While the majority of dAVFs arise idiopathically, a smaller percentage occur after from head trauma, infection, previous craniotomy, tumours, or dural venous sinus thromboses. As venous sinus pressure increases, meningeal arteries develop fistulous connections with the dural sinus or cortical veins, possibly via angiogenesis or via enlargement of preexisting physiological shunts, ultimately giving rise to a complex venous network under arterial pressure. With worsening venous hypertension, normal antegrade venous flow is reversed, resulting in retrograde flow through cortical veins (cortical venous drainage) that can produce venous hypertension within the surrounding brain. This may progress to recruitment of further external carotid artery feeders result in the formation of a dAVF.

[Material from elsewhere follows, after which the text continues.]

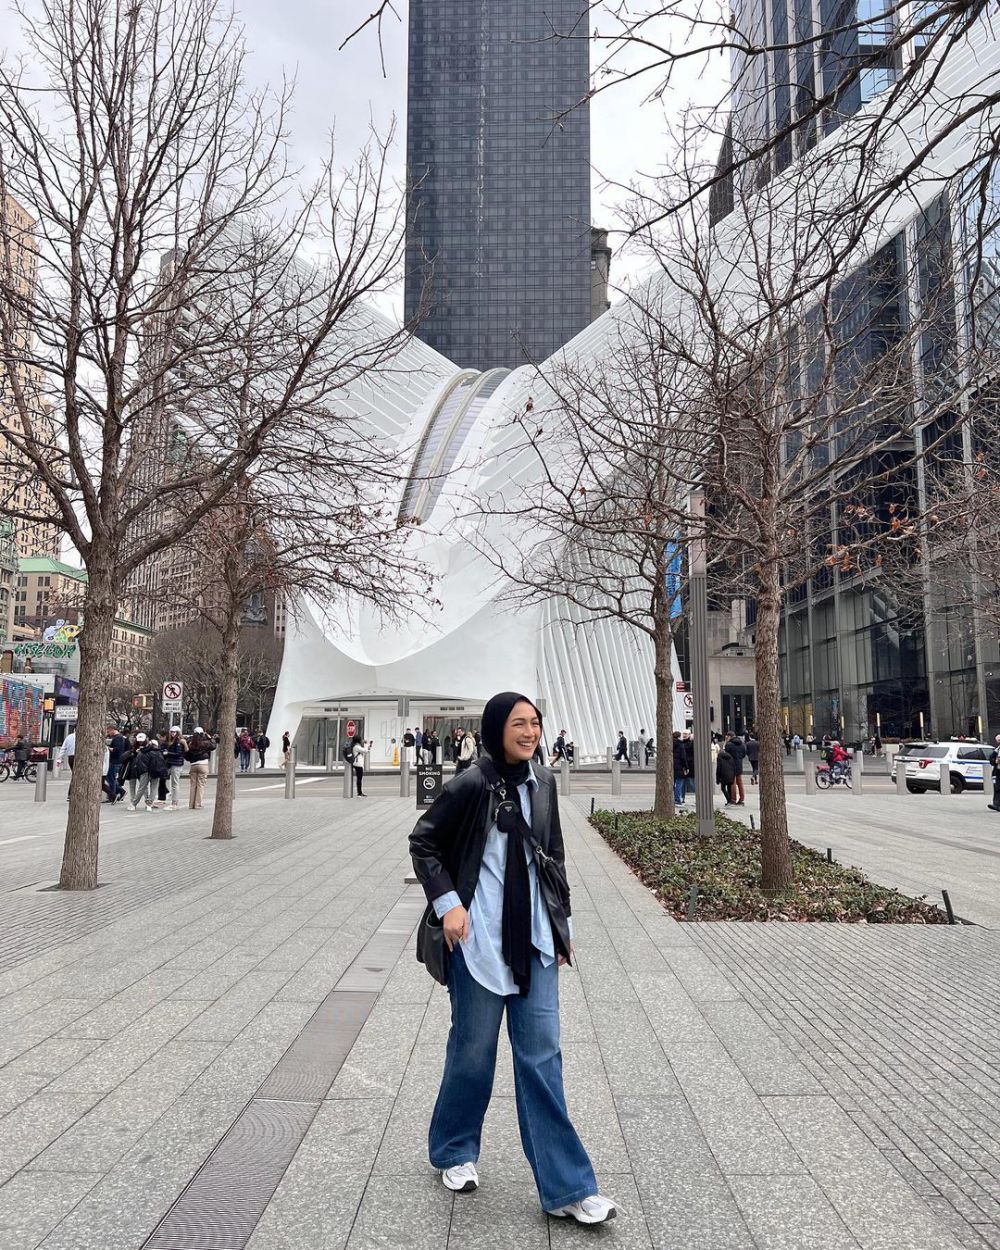 8 Ide Styling Outfit Travelling ala Bella Attamimi, Super Stylish!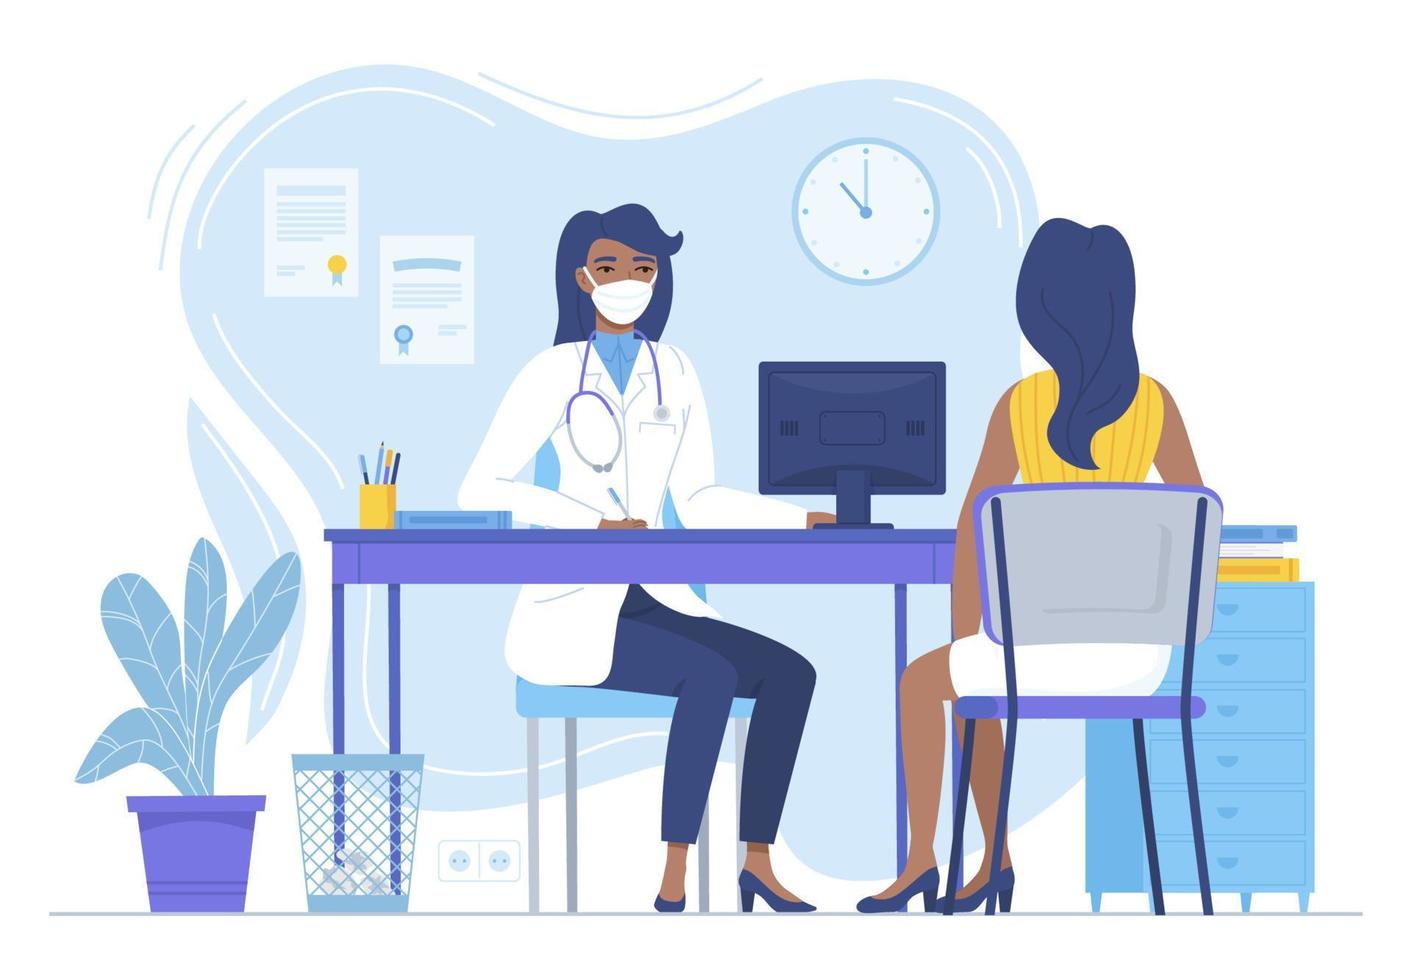 Black woman Doctor in face mask conculting patient black girl. Medcine, pandemic, lockdown therapy, health care, hospital workspace concept. Stock vector illustration in flat style isolated on white.

Complications of brain dAVFs are capable of producing intracranial haemorrhage or non-haemorrhagic neurological deficits, which can lead to substantial neurological morbidity and mortality. Intracranial haemorrhage is thought to occur from rupture of fragile arterialized parenchymal veins due to continuous venous reflux and hypertension. The precise pathophysiology of non-haemorrhagic neurological deficits is not completely understood but is hypothesised to be due to inadequate arterial delivery of oxygen and impaired removal of metabolic waste products to vital tissues, producing functional impairment of the involved cerebral tissue. Cortical venous drainage is thus an imaging marker indicating increased risk of intracranial haemorrhage or non-haemorrhagic neurological deficits.
Commonly used brain dAVF classifications are the Borden-Shucart and Cognard schemes, based on shunt location and the presence of cortical venous drainage and hypertension.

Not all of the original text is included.